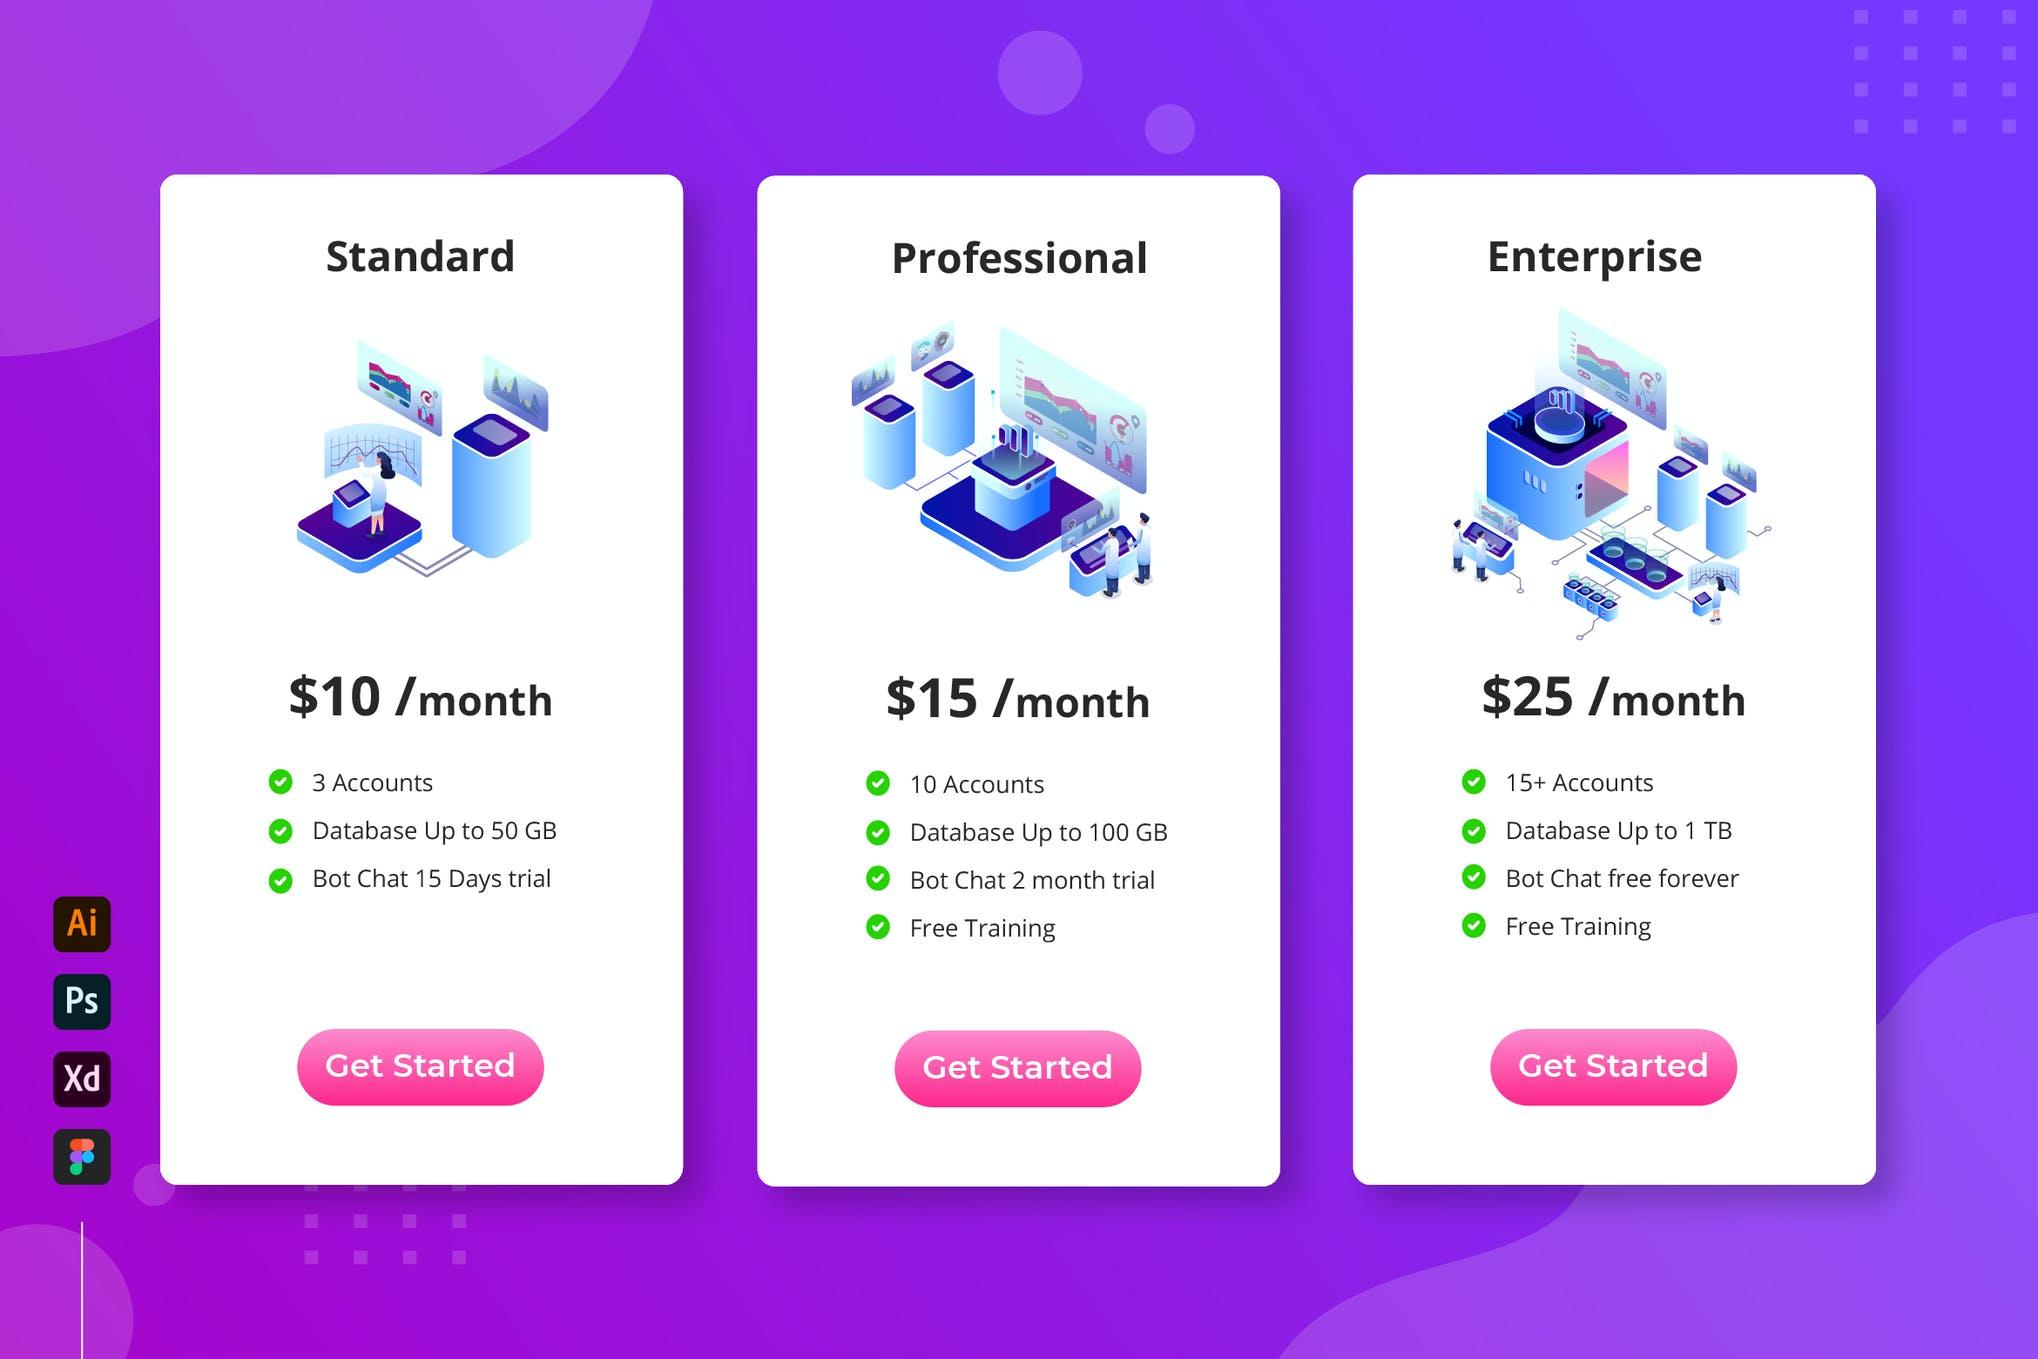 云数据库-等距定价表app模板素材插画引导页面下载
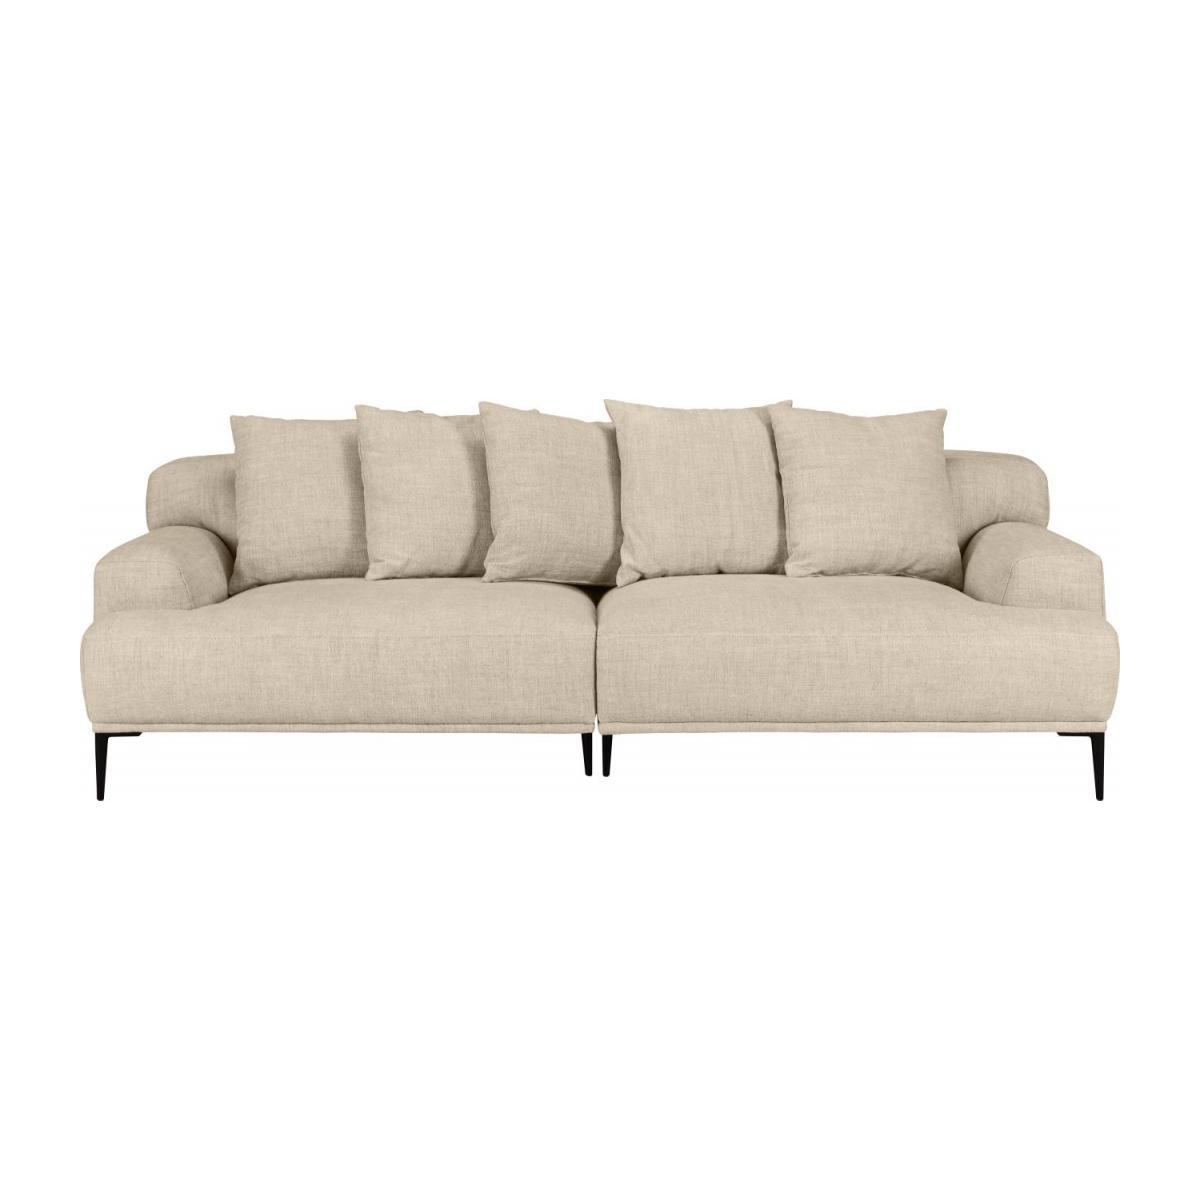 Full Size of Leinenstoff Sofa Reinigen Couch Baumwolle Leinen Bezug Holz Sofahusse Beige Leinenbezug Stoff Waschen Hussen Weiss Big Ottone 3 Sitzer Aus Naturfarben Habitat Sofa Sofa Leinen
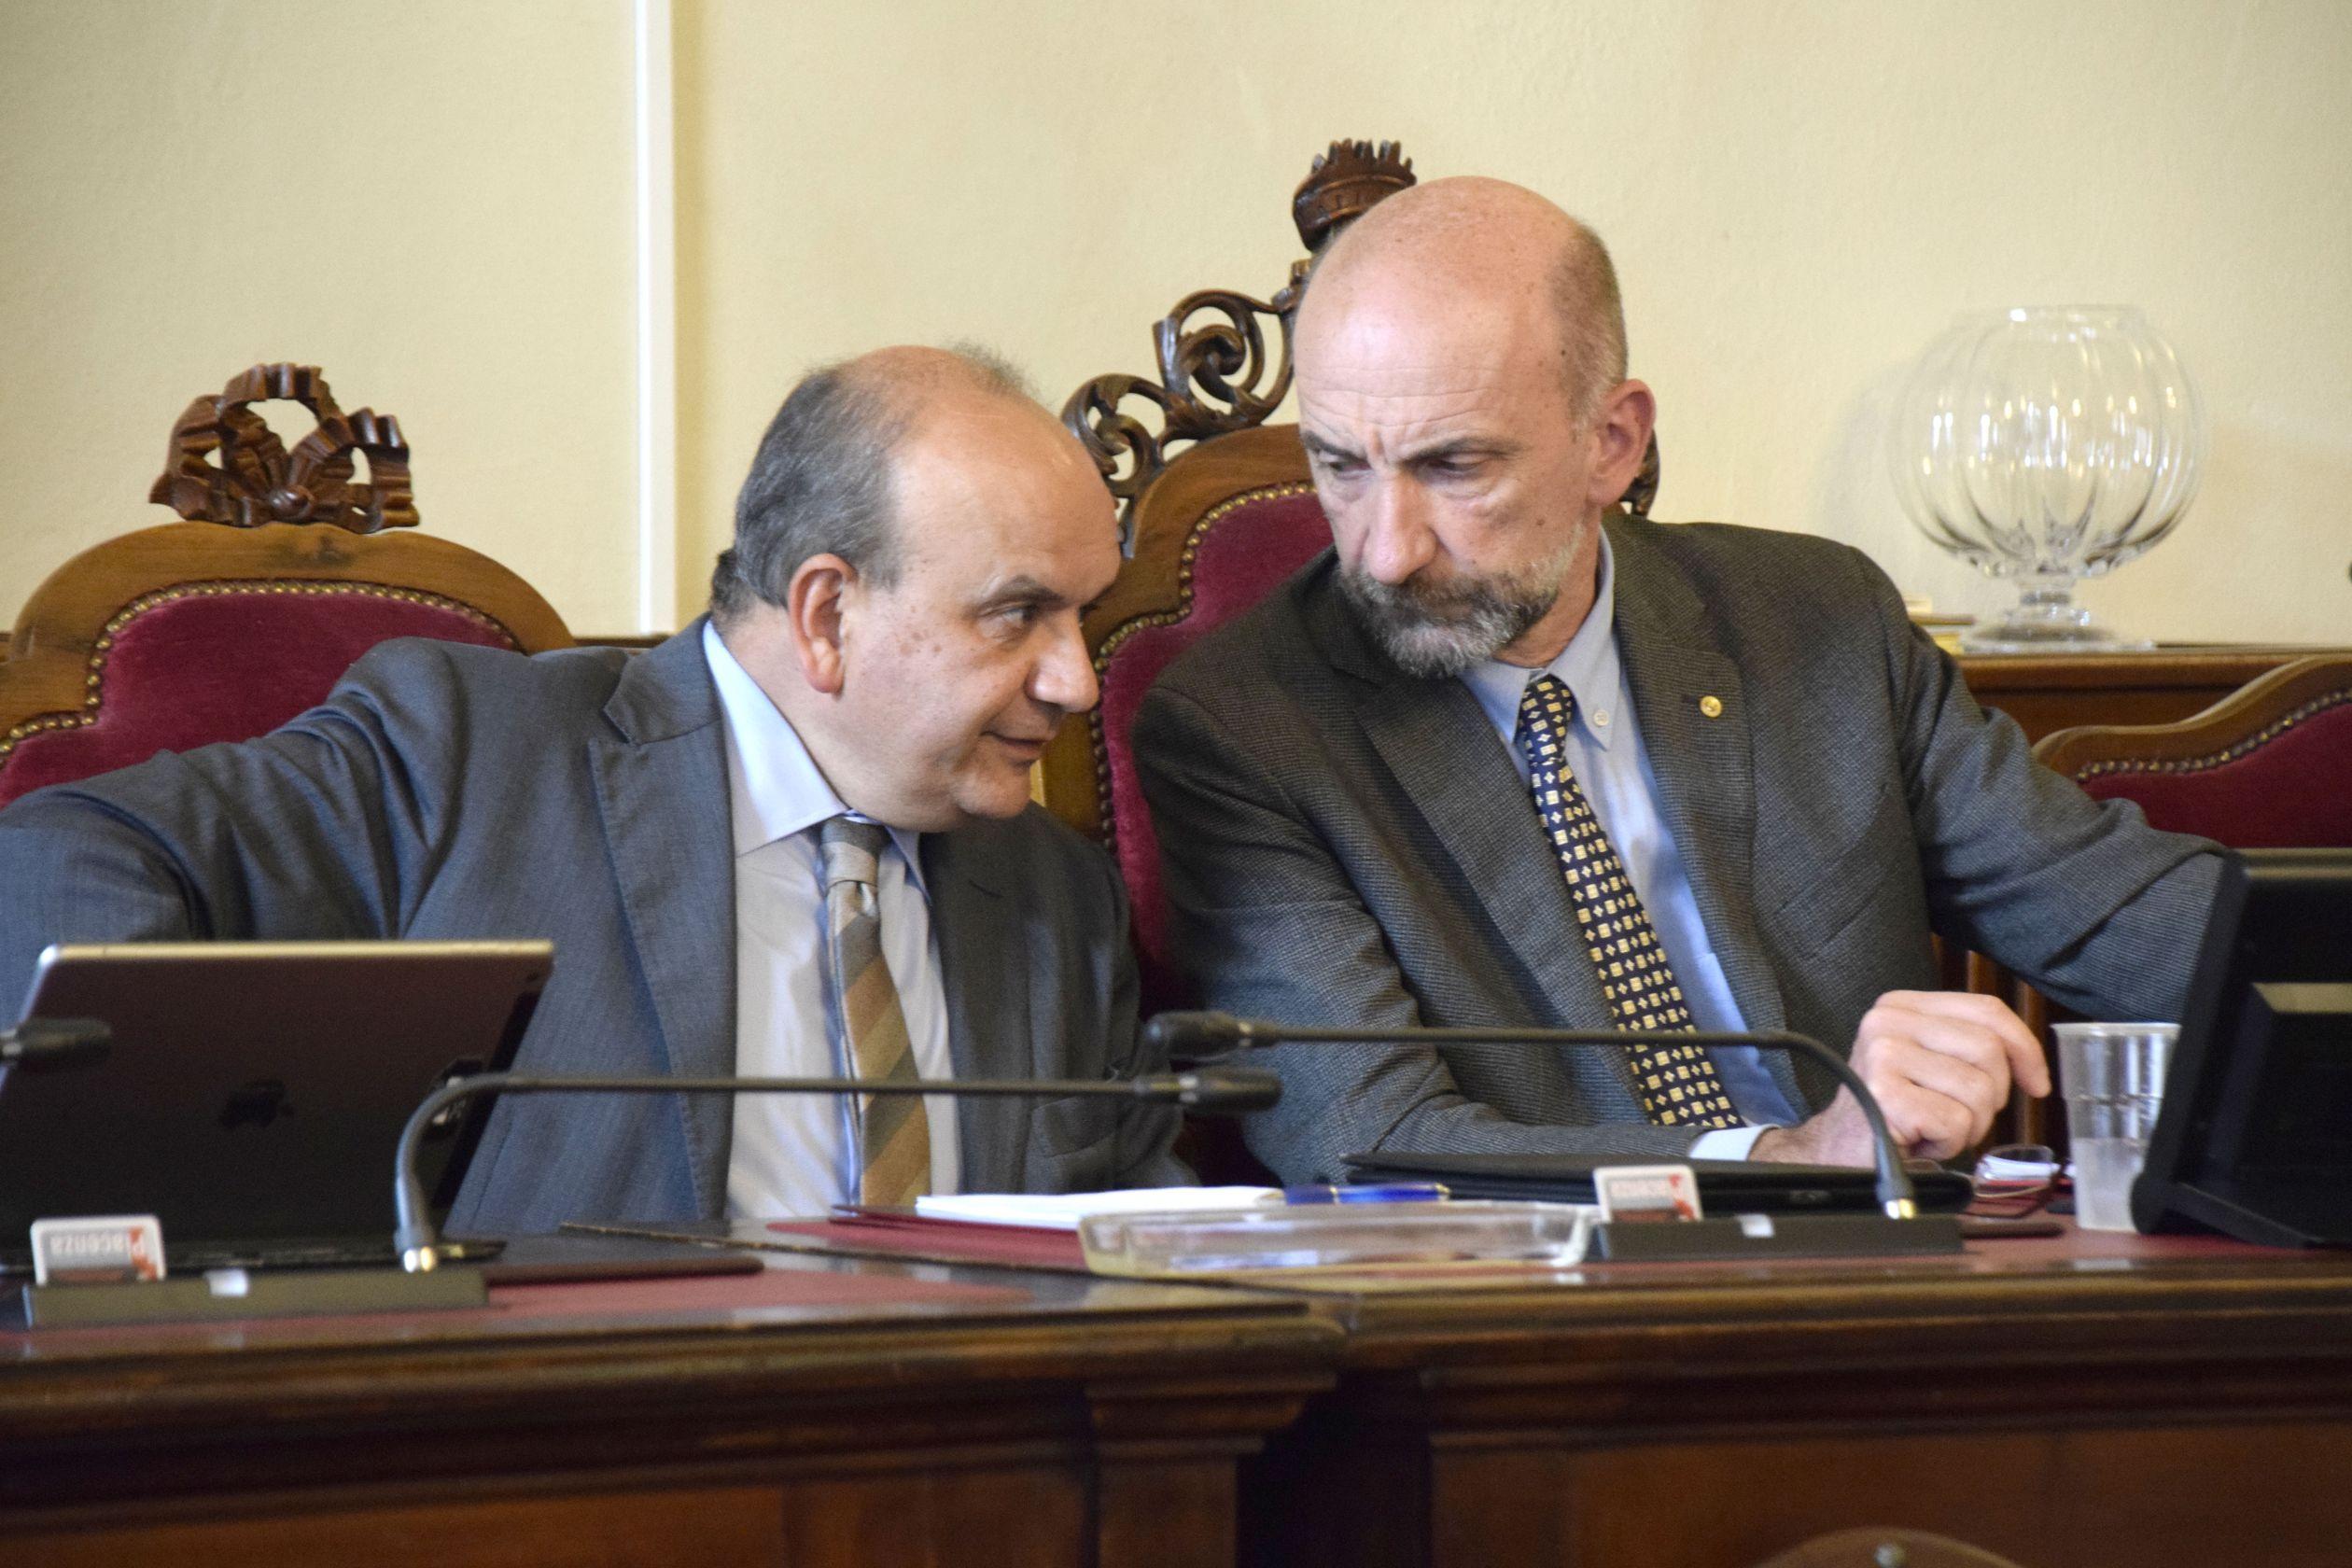 Consiglio Comunale - foto Lunini Piacenza

···

About this task:
Leave out every picture and copy verbatim the lines running from the line containing "Full Size of" through the final line of the data.

Expected answer:
 Full Size of Leinenstoff Sofa Reinigen Couch Baumwolle Leinen Bezug Holz Sofahusse Beige Leinenbezug Stoff Waschen Hussen Weiss Big Ottone 3 Sitzer Aus Naturfarben Habitat Sofa Sofa Leinen
 Consiglio Comunale - foto Lunini Piacenza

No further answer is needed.